Moral Sowing and Reaping.
I. Beneficence by the taught towards the teacher is sowing good seed.—“Let him that is taught in the word communicate unto him that teacheth in all good things” (ver. 6). The good things referred to, though not confined to temporal good, do certainly mean that. While every man must bear his own burden, he must also help to bear the burden of his brother. Especially must the taught go shares with his spiritual teacher in all things necessary. But beneficence shown towards the minister in temporalities is the least, and with many the easiest, part of the duty. Teacher and taught should mutually co-operate with each other in Christian work, and share with each other in spiritual blessings. The true minister of the Gospel is more concerned in eliciting the co-operation and sympathy of the members of his Church than in securing their temporal support. If he faithfully ministers to them in spiritual things, they should be eager to minister unto him of their worldly substance, and to aid him in promoting the work of God. Every good deed, done in the spirit of love and self-sacrifice, is sowing good seed.

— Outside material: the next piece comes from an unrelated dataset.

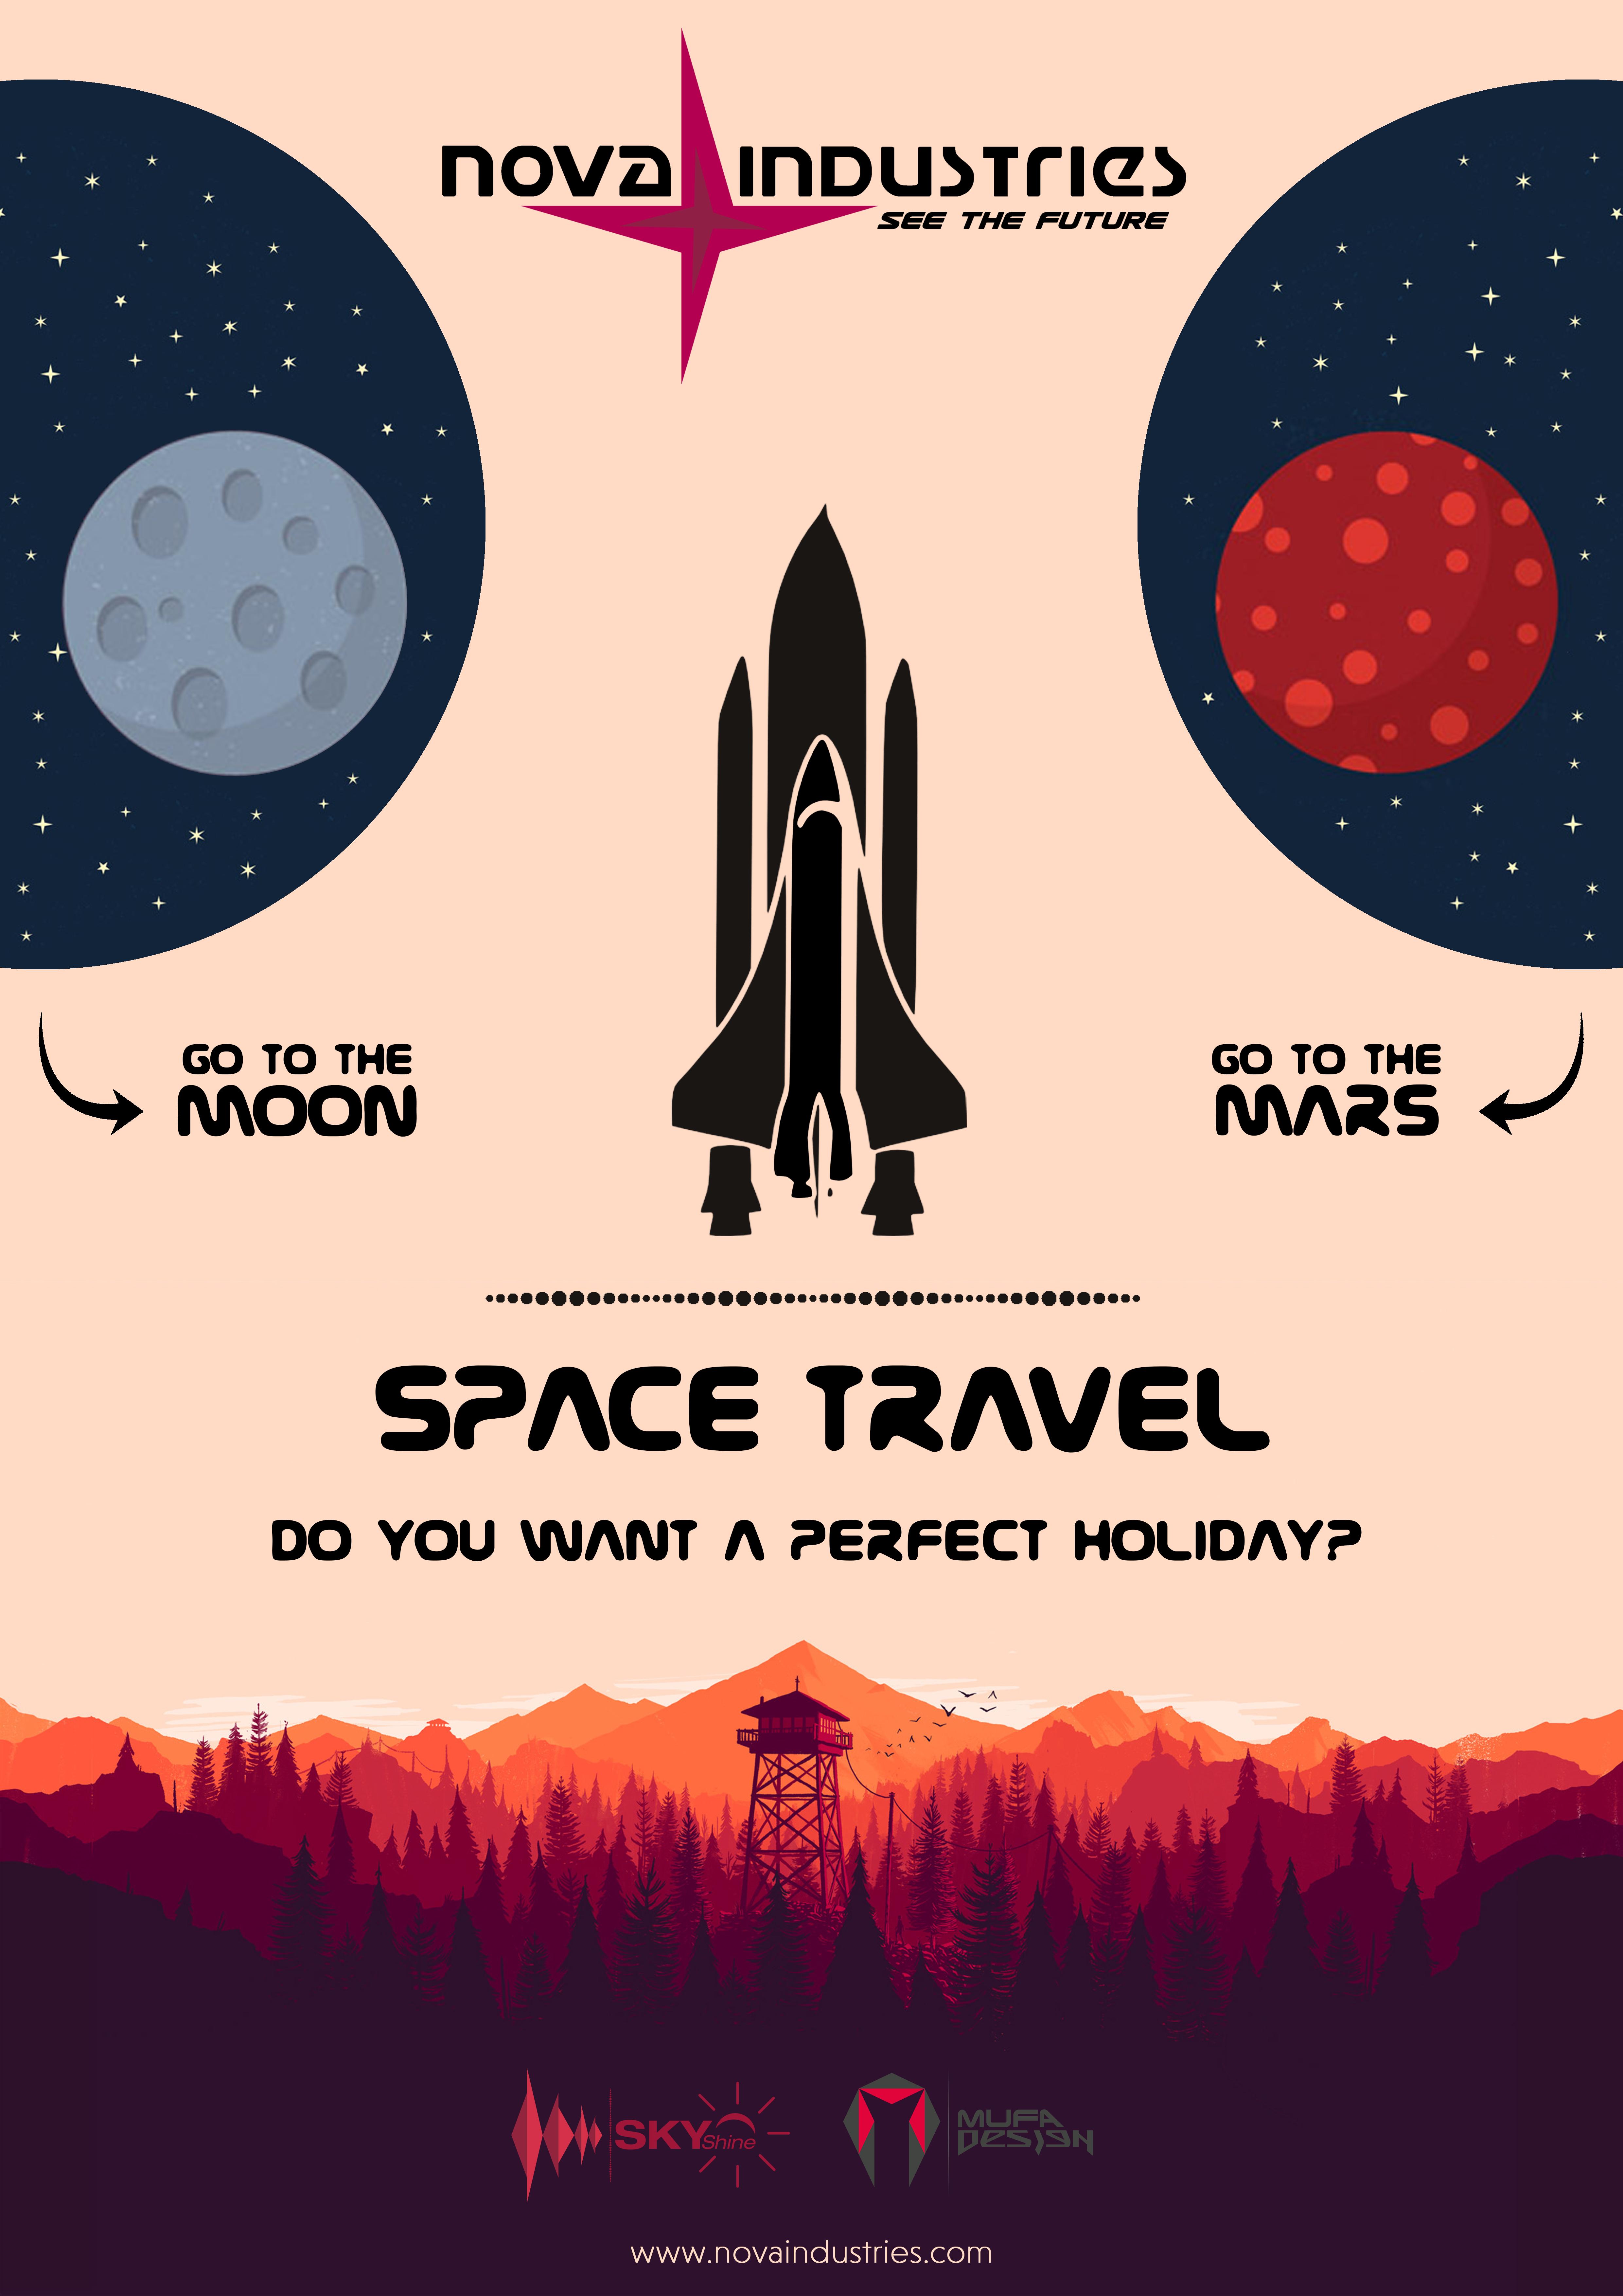 Poster design deviantart - Space Travel Poster Design By Darthmufa Space Travel Poster Design By Darthmufa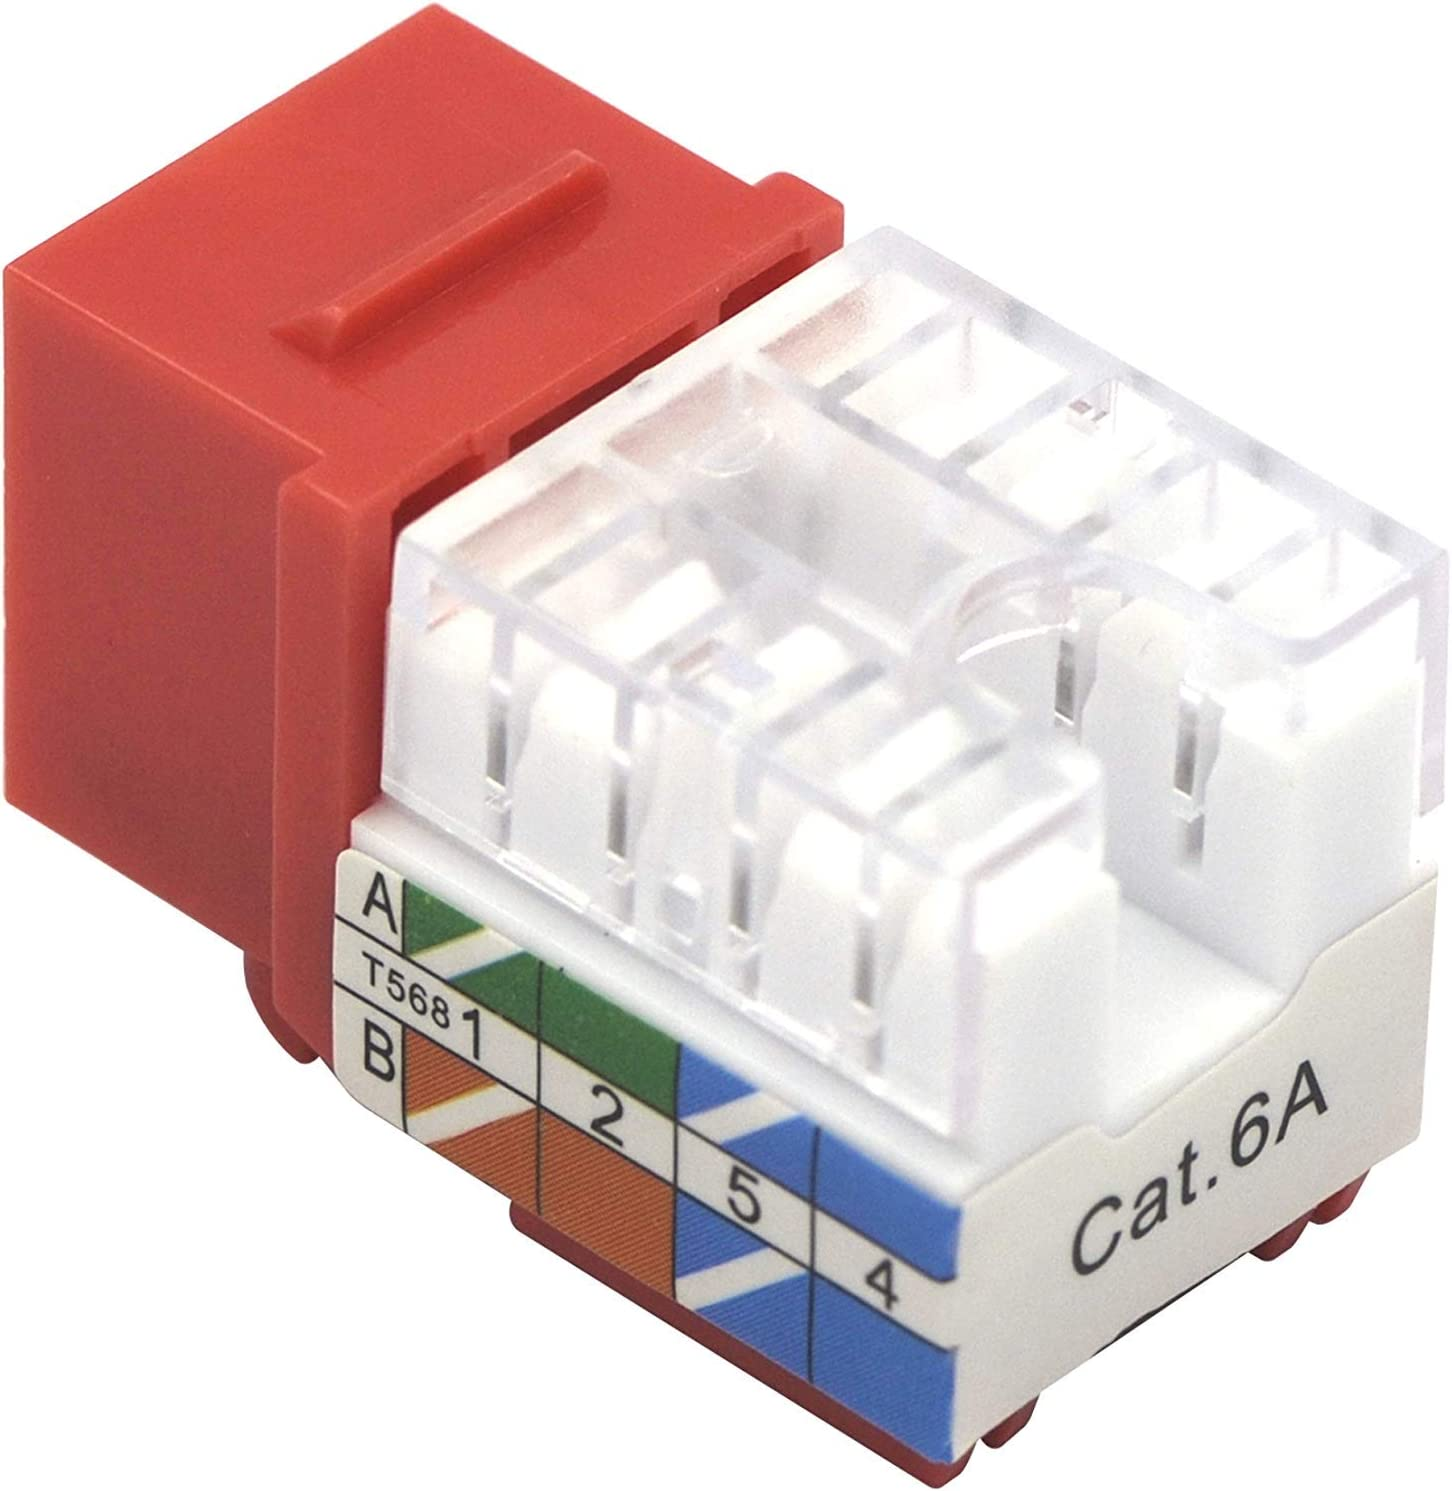 VCE 50 Pack Cat6A RJ45 90-Degree Keystone Jack Insert Bundle with 25-Pack RJ45 Cat6A 90-Degree Keystone Jack Insert

II. By the operation of unchanging Divine law the reaping will correspond to the kind of seed sown and the nature of the soil into which it is cast.—“Be not deceived; God is not mocked; for whatsoever a man soweth, that shall he also reap. For he that soweth to his flesh,” etc. (vers. 7, 8). Men may wrong each other, but they cannot cheat God. To expect God to sow His bounties upon them, and not to let Him reap their gratitude and service, is mockery. But it is not God they deceive; they deceive themselves. For at last every one shall reap as he sows. The use made of our seed-time determines exactly, and with a moral certainty greater even than that which rules in the natural field, what kind of fruitage our immortality will render. Eternity for us will be the multiplied, consummate outcome of the good or evil of the present life. Hell is just sin ripe—rotten ripe. Heaven is the fruitage of righteousness. “He that soweth to his own flesh reaps corruption”—the moral decay and dissolution of the man’s being. This is the natural retributive effect of his carnality. The selfish man gravitates downward into the sensual man; the sensual man downward into the bottomless pit. “He that soweth to the Spirit reaps life everlasting.” The sequence is inevitable. Like breeds its like. Life springs of life, and death eternal is the culmination of the soul’s present death to God and goodness. The future glory of the saints is at once a divine reward and a necessary development of their present faithfulness (Findlay, passim).
III. Sowing the seed of good deeds should be prosecuted with unwearied perseverance.—1. Because the harvest is sure to follow. “Let us not be weary in well doing: for in due season we shall reap, if we faint not” (ver. 9). Here is encouragement for the wearied, baffled worker. We have all our moments of despondency and disappointment and are apt to imagine our labours are futile and all our painstaking useless. Not so. We are confounding the harvest with the seed-time. “In due season”—in God’s time, which is the best time—“we shall reap, if we faint not.” Our heavenly harvest lies in every earnest and faithful deed, as the oak with its centuries of growth and all its summer glory sleeps in the acorn-cup, as the golden harvest slumbers in the seeds under their covering of wintry snow.
2. Because the opportunity of doing good is ever present.—“As we have opportunity let us do good unto all men, especially unto them who are of the household of faith” (ver. 10). The whole of life is our opportunity, and every day brings its special work. Opportunity is never to seek; it is ever present. There is not a moment without a duty. While we are looking for a more convenient opportunity, we lose the one that is nearest to us. As members of the household of faith there is ever work enough to do—work that fits us to do good on a wider scale—“unto all men.” True zeal for the Church broadens rather than narrows our charities. Household affection is the nursery, not the rival, of love to our fatherland and to humanity.
Lessons.—1. Our present life is the seed-time of an eternal harvest. 2. The quality of the future harvest depends entirely on the present sowing. 3. God Himself is the Lord of the moral harvest.
GERM NOTES ON THE VERSES.
Ver. 6. Pastors and People.
I. It is the duty of the people to give their pastors not only countenance but maintenance.
II. It is the law of nations, and a conclusion grounded on common equity, that those who spend themselves, as a candle, to give light to others and for the common good of all, should be maintained of the common stock by all.